In this latter case, the *specific* likelihood gives the same results as the
*truncated* one. 

We observe a similar behaviour on a simple second order Markov chain generated
as follows:
```{r}
TM0 <- matrix(c(0.7, 0.3, 0.4, 0.6),
  ncol = 2,
  byrow = TRUE
)
TM1 <- matrix(c(0.4, 0.6, 0.8, 0.2),
  ncol = 2,
  byrow = TRUE
)
init <- c(0, 1)
dts <- c(init, rep(NA, 500))
set.seed(0)
for (i in 3:length(dts)) {
  if (dts[i - 1] == 0) {
    probs <- TM0[dts[i - 2] + 1, ]
  } else {
    probs <- TM1[dts[i - 2] + 1, ]
  }
  dts[i] <- sample(0:1, 1, prob = probs)
}
```

Once again, the *extended* likelihood tends to over penalize "complex" models
```{r}
MC_extended <- tune_vlmc(dts, initial = "extended", save = "all")
draw(as_vlmc(MC_extended))
```
while thishappens neither for the *truncated* likelihood
```{r}
MC_truncated <- tune_vlmc(dts, initial = "truncated", save = "all")
draw(as_vlmc(MC_truncated))
```
no for the *specific* likelihood
```{r}
MC_specific <- tune_vlmc(dts, initial = "specific", save = "all")
draw(as_vlmc(MC_specific))
```

If we increase the number of observations in the synthetic example, to e.g. 5000, 
the three likelihood functions conduct to the same optimal (and true) model, as
expected. On smaller data sets, the use of the *truncated* seem to be more adapted. 

### Truncated likelihood
However, the *truncated* likelihood function is problematic when used 
naively. The difficulty comes from the discarded observations: two VLMC models
with different orders are evaluated on different data sets. If we consider for instance
the BIC  as an approximation of the logarithm of the evidence of the data given 
the model, it is obvious that one cannot compare directly two models on different 
data sets.

A possible solution for model selection based on the *truncated* likelihood 
consists in choosing a maximal order, say $D$ and in evaluating the models only on 
$(x_i)_{D+1\leq i\leq n}$ so that contexts are always computable. This amounts
to additional truncation for simpler models. The solution is used by `tune_vlmc()`
and `tune_covlmc()`. All the examples given above have been constructed using 
this approach. 


## Coherence with other uses of a VLMC
### Sampling
As detailed in `vignette("sampling")` a VLMC model can be used to generate new
discrete time series based on the conditional probability distributions associated
to the contexts. However, raw VLMC models do not specify distributions for the
initial values for which no proper context exists. 
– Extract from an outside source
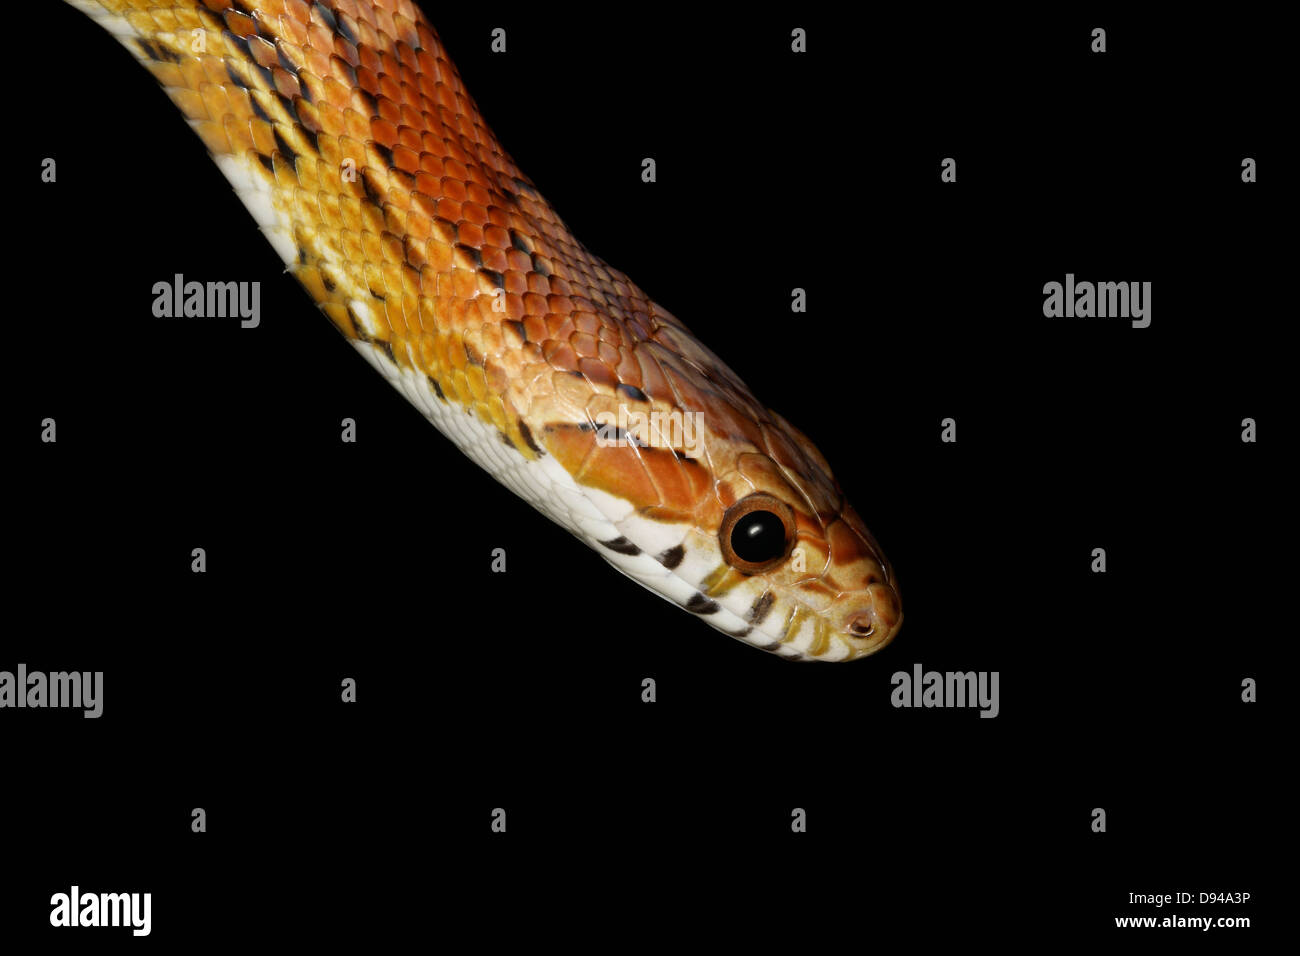 A snake, close-up. Stock Photo

The difficulty is generally circumvented by using a constant initialisation coupled 
with a burn in phase. This is supported by the theoretical results on VLMC bootstrap 
proved by Bühlmann and Wyner in [their seminal paper](https://dx.doi.org/10.1214/aos/1018031204). Indeed the hypothesis used in the
paper ensure an exponential mix-in for Markov Chain and thus the initial values
play essentially no role in the stationary distribution, provided the burn in 
period is "*long enough*". 

In practice, it is difficult to verify that the conditions of the theorem apply and
to turns them into actual numerical values of a *long enough* burn in time. Thus
we use in `simulate.vlmc()` the extended contexts proposed above. This extends the
VLMC into a full model, with specific probability distributions for the initial 
values. This does not prevent e.g. slow mix-in and this does not change the
stationary distribution when it exists, but this gives some coherence between 
the *extended* likelihood function and sampling. Notice that we also support burn 
in period as well as a manual specification of the initial values of a sample. 

### Prediction
A VLMC can also be used for one step ahead prediction of a time series (or even 
for multiple steps ahead), as implement in `predict.vlmc()`. This poses obviously
the same problem as sampling or likelihood calculation for the initial values. We
use in `predict.vlmc()` the extended contexts proposed above, using the same extended
VLMC model principle. This provides full coherence between sampling, likelihood 
calculation and prediction. 

The `metrics.vlmc()` function computes predictive performances of a VLMC on the
time series used to estimate it. Predictions used for those computations are also 
based on the extended context principle.